Mean score of decision tree:
 0.9398022953840999
Mean score of Logistic regression:
 0.897555499706794
Mean score of KNN:
 0.8477909022367429
Mean score of Naiye Bayes:
 0.8477909022367429
Mean score of SVM:
 0.9953723716176593


In [19]:
import warnings

# Use filterwarnings to suppress specific warning
warnings.filterwarnings("ignore") 

#Define the inner and outer loops
inner_cv = KFold(n_splits = 5, shuffle=True, random_state=1)
outer_cv = KFold(n_splits = 5, shuffle=True, random_state=1)
#scoring = ['precision', 'recall', 'f1', 'accuracy']

#Set the hyperparameters of separate models
dt_grid = {'max_depth':range(1,21),
          'min_samples_split':range(2,21),
          'criterion':['gini']}

lr_grid = {'penalty':['l1', 'l2'],
           'C':[0.001, 0.01, 0.1, 1, 10, 100, 1000],
           'multi_class':['auto'],
           'solver' :['liblinear']}

knn_grid = {'n_neighbors':range(1,21),
            'leaf_size':range(1,11),
            'weights':['uniform']}

nb_grid = {'var_smoothing': np.logspace(0,-9, num=100)}

svc_grid = {"C": [0.001, 0.01, 0.1, 1, 10, 100, 1000],
            "gamma": [0.01, 0.001, 0.0001, 0.1],
            'kernel': ['rbf', 'poly', 'linear']}

dt = tree.DecisionTreeClassifier()
lr = LogisticRegression()
knn = neighbors.KNeighborsClassifier()
svm = SVC()
gnb = GaussianNB()
svm.probability = True

#Create inner loop cv using GridSearchCV
dt_clf = GridSearchCV(estimator=dt, param_grid=dt_grid, cv=inner_cv, refit=True)
lr_clf = GridSearchCV(estimator=lr, param_grid=lr_grid, cv=inner_cv, refit=True)
knn_clf = GridSearchCV(estimator=knn, param_grid=knn_grid, cv=inner_cv, refit=True)
nb_clf = GridSearchCV(estimator=gnb, param_grid=nb_grid, cv=inner_cv, refit=True)
svc_clf = GridSearchCV(estimator=svm, param_grid=svc_grid, cv=inner_cv, refit=True)

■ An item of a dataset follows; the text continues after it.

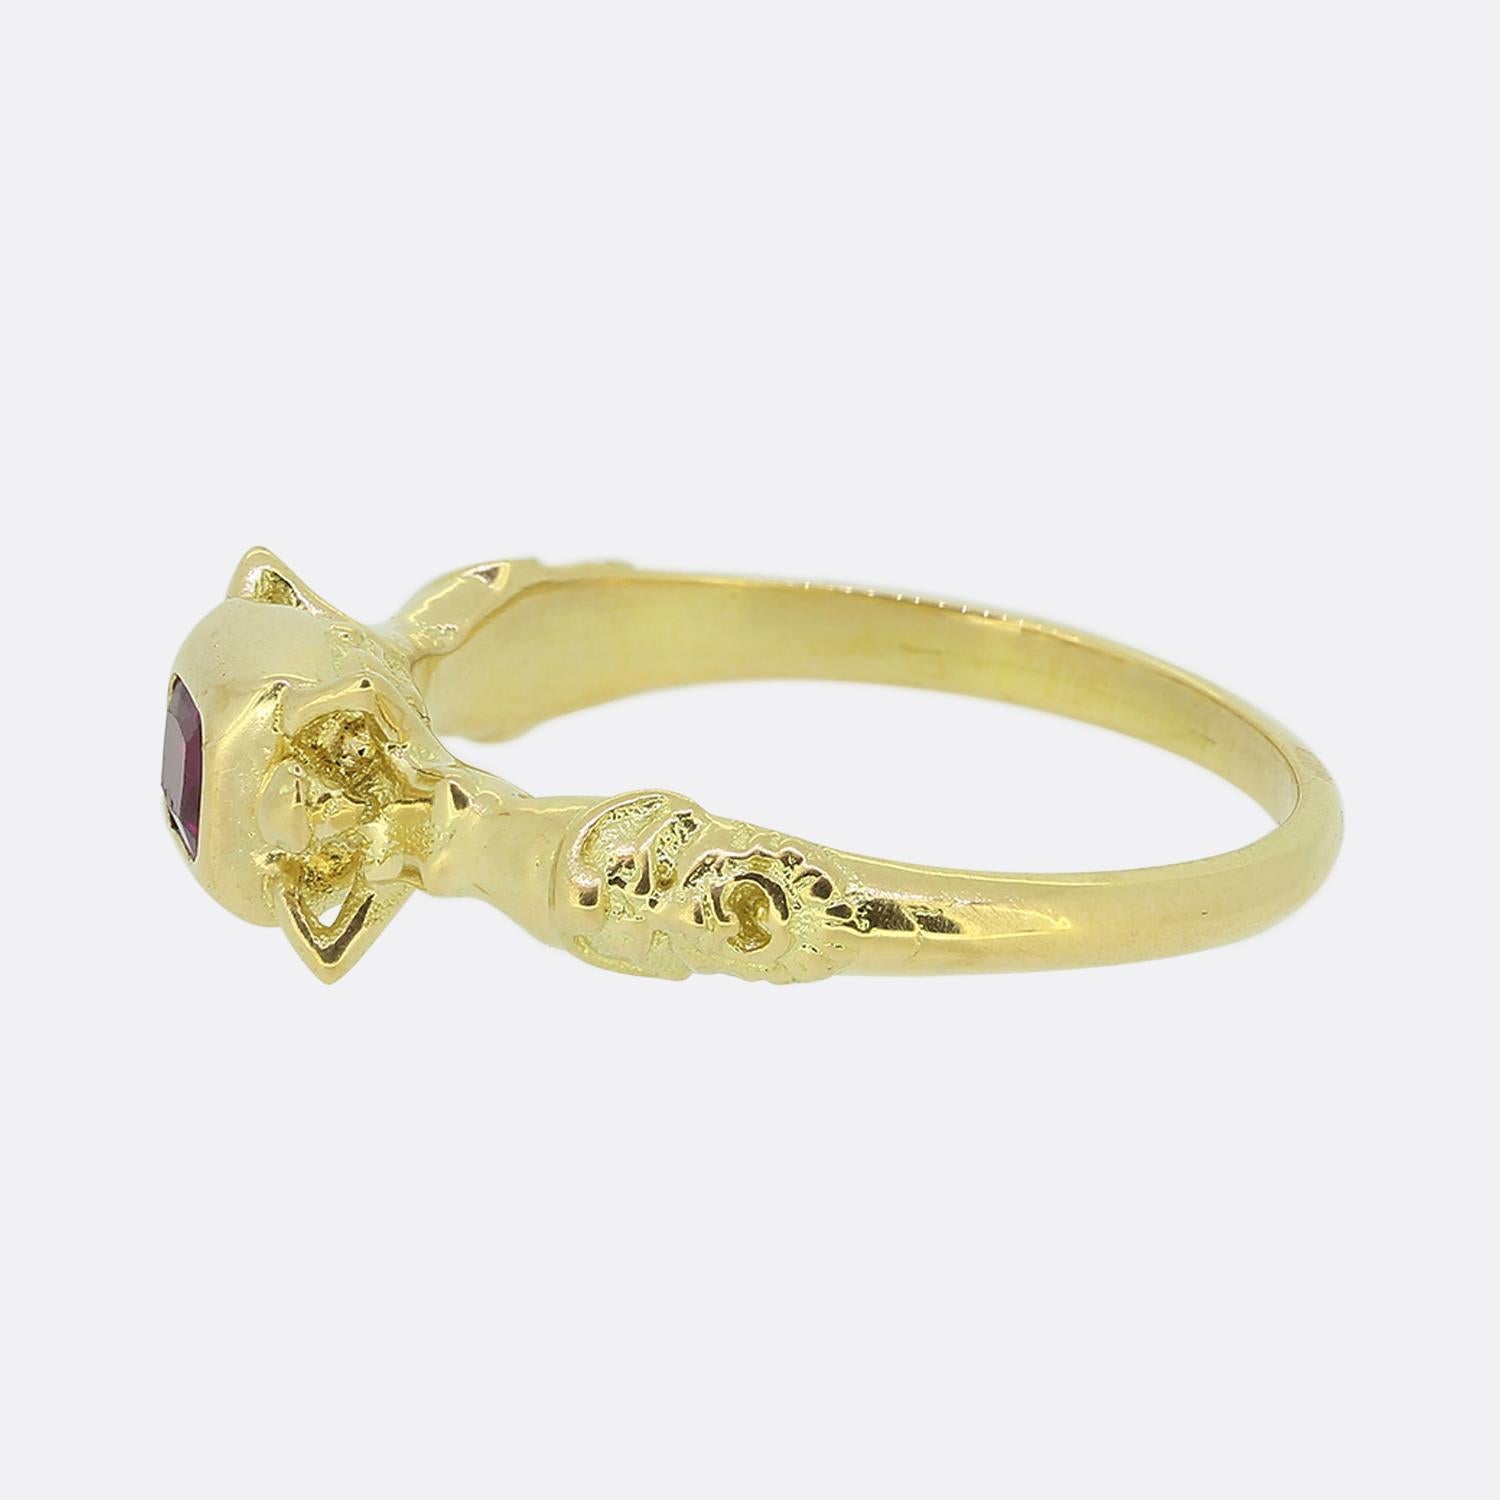 Here we have a marvellous single stone ruby ring excellently paying homage a style pioneered during the Renaissance period. This piece has been crafted from 18ct yellow gold with the head being bezel set with a single elongated cushion cut ruby.

#Create outer loop cv using cross_val_score
dt_score = cross_val_score(dt_clf, X=X_order, y=y_order, cv=outer_cv)
print("Mean score of decision tree:\n", dt_score.mean())

lr_score = cross_val_score(lr_clf, X=X_order, y=y_order, cv=outer_cv)
print("Mean score of Logistic regression:\n", lr_score.mean())

knn_score = cross_val_score(knn_clf, X=X_order, y=y_order, cv=outer_cv)
print("Mean score of KNN:\n", knn_score.mean())

nb_score = cross_val_score(knn_clf, X=X_order, y=y_order, cv=outer_cv)
print("Mean score of Naiye Bayes:\n", knn_score.mean())

svc_score = cross_val_score(svc_clf, X=X_order, y=y_order, cv=outer_cv)
print("Mean score of SVM:\n", svc_score.mean())

Mean score of decision tree:
 0.9826405294462596
Mean score of Logistic regression:
 0.8177012649744493
Mean score of KNN:
 0.9369272011393148
Mean score of Naiye Bayes:
 0.9369272011393148
Mean score of SVM:
 0.9843880371952751


### Overall model performance comparison
**1. Models of One hot encoding vs. Ordinal dataset**   
* Overall models with ordernal dataset perform better than one hot encoding dataset.  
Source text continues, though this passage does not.